Florida Homestead and Medicaid
Florida’s homestead exemption protects a primary residence from virtually all judgment creditors without any dollar limit. Medicaid, however, applies its own federal rules to the homestead, and those rules impose conditions and caps that do not exist under the Florida Constitution. Homeowners who assume their home is fully protected from Medicaid because it is protected from other creditors are often surprised to discover a more complicated reality.
Homestead as an Exempt Asset for Medicaid Eligibility
Medicaid long-term care eligibility requires that an applicant own no more than approximately $2,000 in countable assets. The applicant’s primary residence is generally treated as an exempt (non-countable) asset, meaning Medicaid does not include its value when calculating whether the applicant meets the asset threshold. This exemption allows a person to qualify for Medicaid nursing home benefits without selling their home.
The exemption is automatic if the applicant’s spouse, a child under age 21, or a blind or permanently disabled child of any age lives in the home. In those circumstances, there is no limit on the home’s value for Medicaid eligibility purposes.

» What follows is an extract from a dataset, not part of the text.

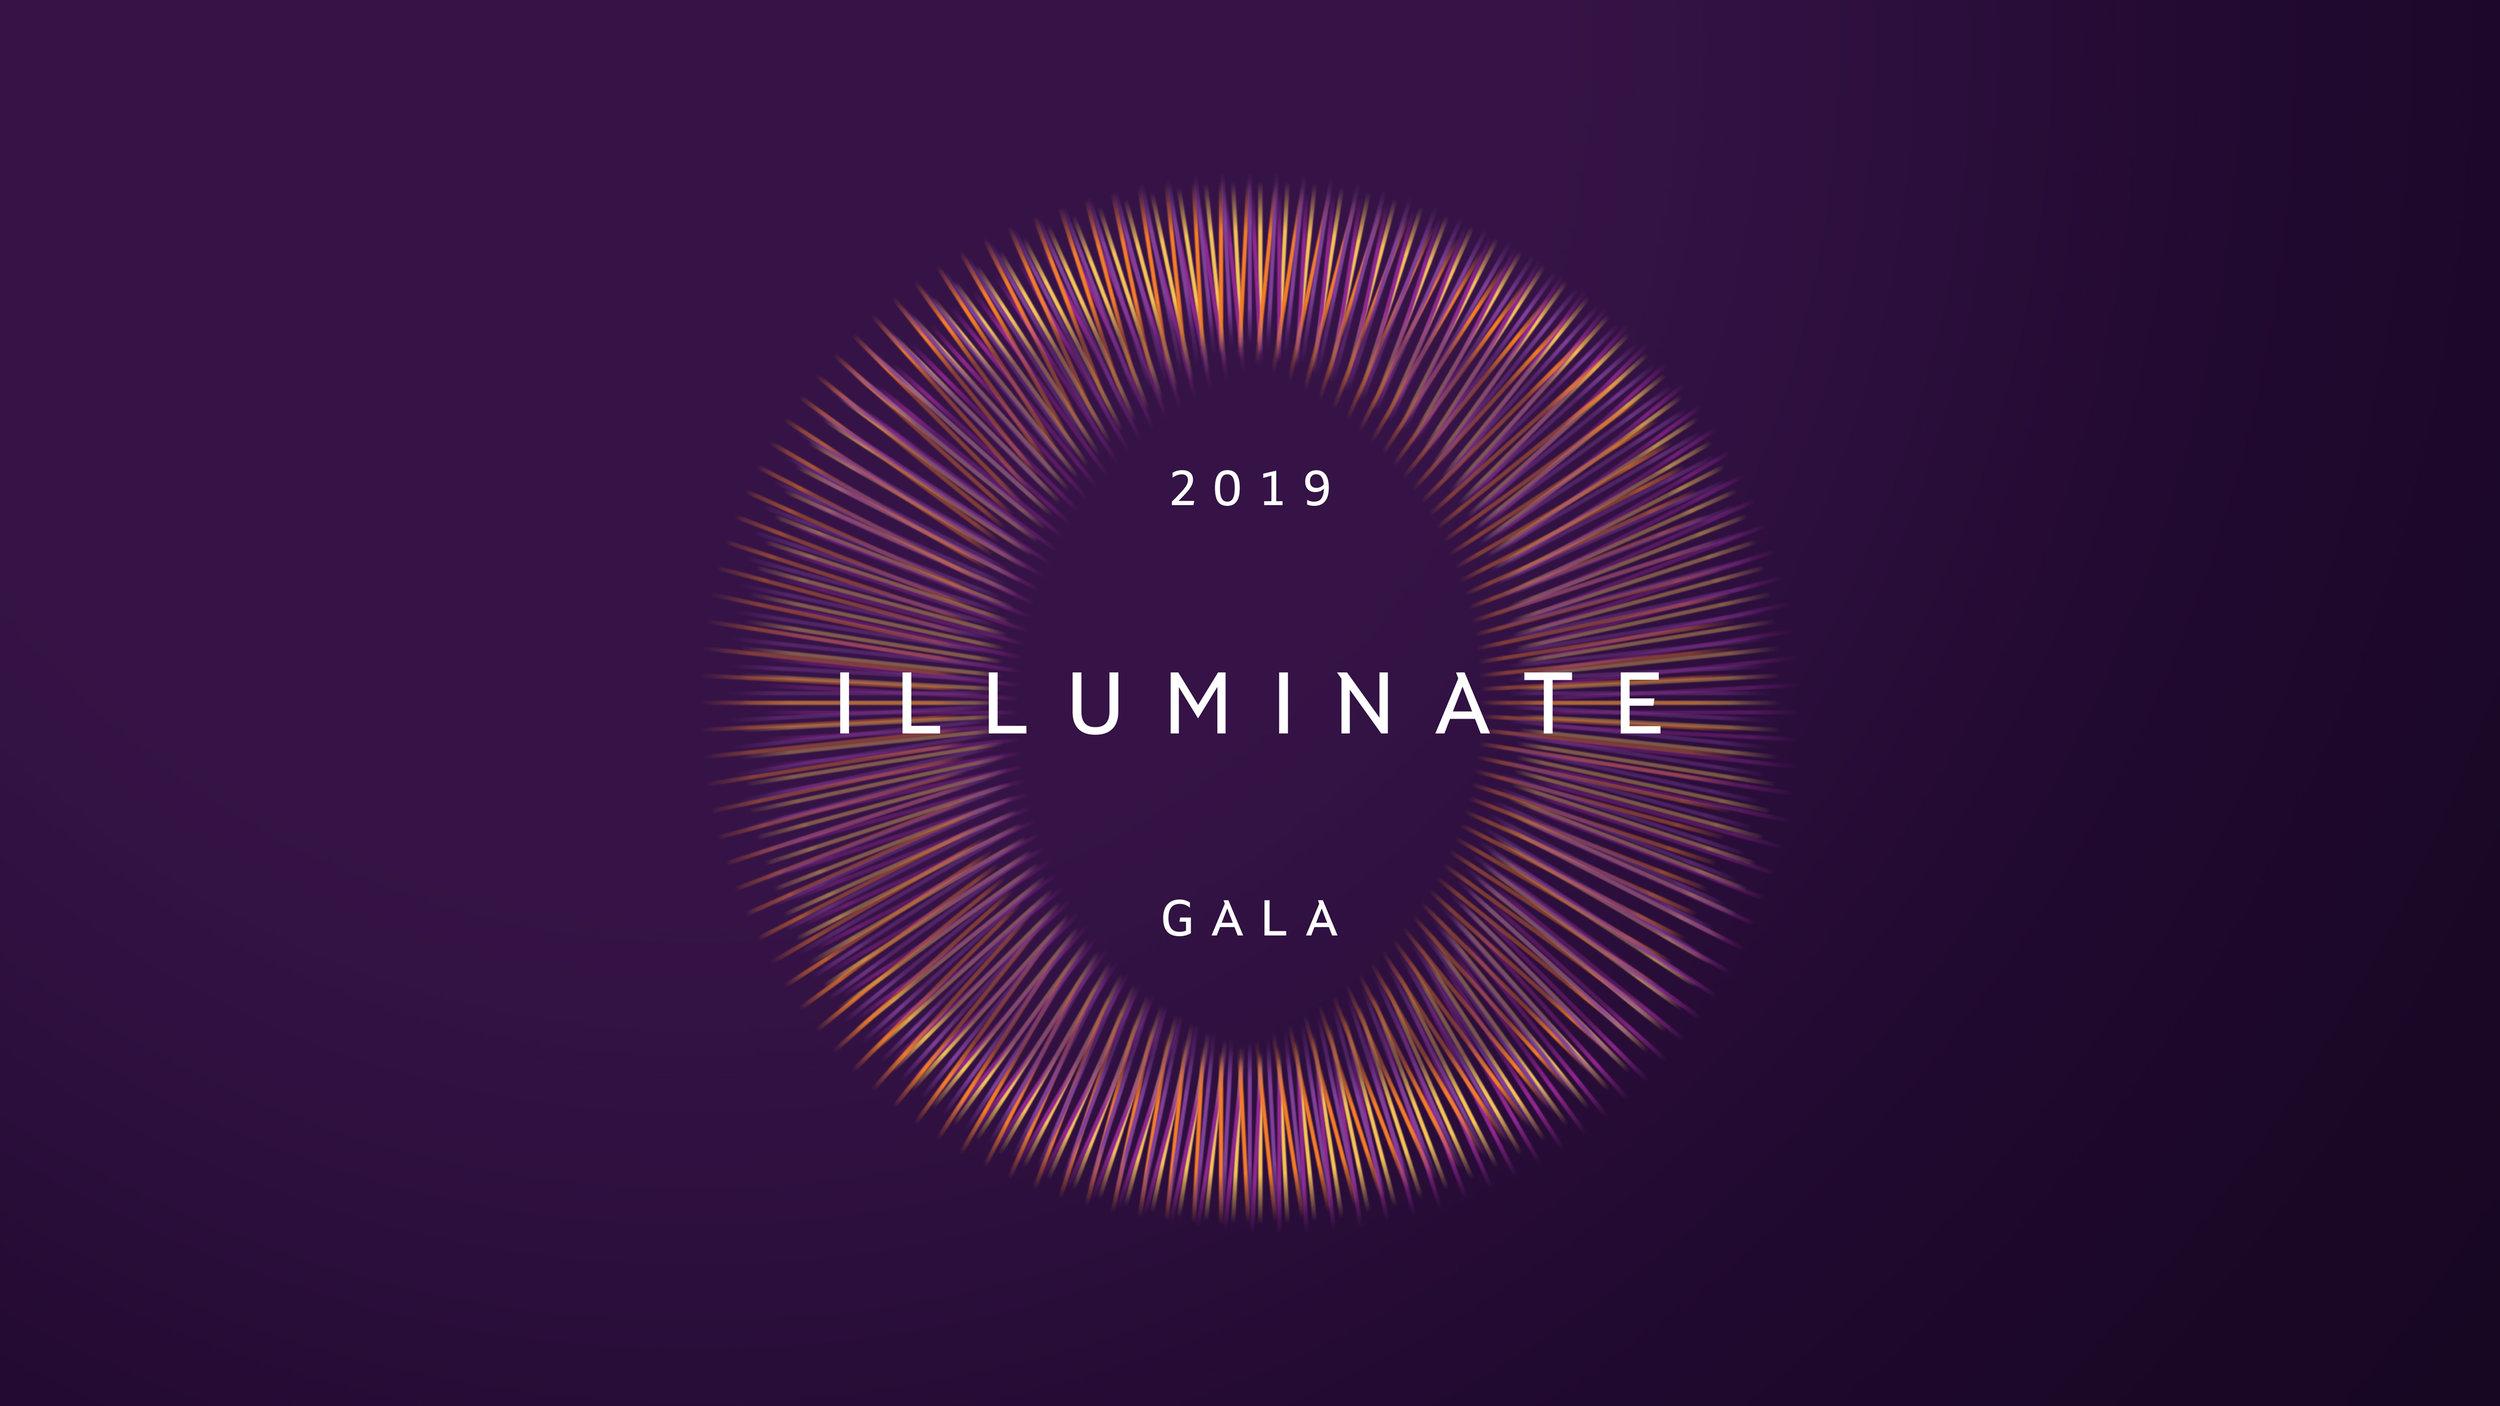 Markus-Wreland-Illuminate-Gala-2019-01.jpg

If none of those qualifying relatives live in the home, the exemption is still available but subject to a home equity interest limit. The Deficit Reduction Act of 2005 imposed this cap, which is adjusted annually. The limit applies to the applicant’s equity interest in the property, calculated as the home’s current market value minus any outstanding mortgage or other debt. If the applicant’s equity exceeds the limit, the home becomes a countable asset and the applicant may be ineligible for Medicaid long-term care benefits.
This is the critical distinction between the constitutional homestead exemption and Medicaid’s treatment of homestead property. Under the Florida Constitution, homestead creditor protection has no dollar cap. Under Medicaid rules, the exemption is capped for applicants without a qualifying occupant in the home.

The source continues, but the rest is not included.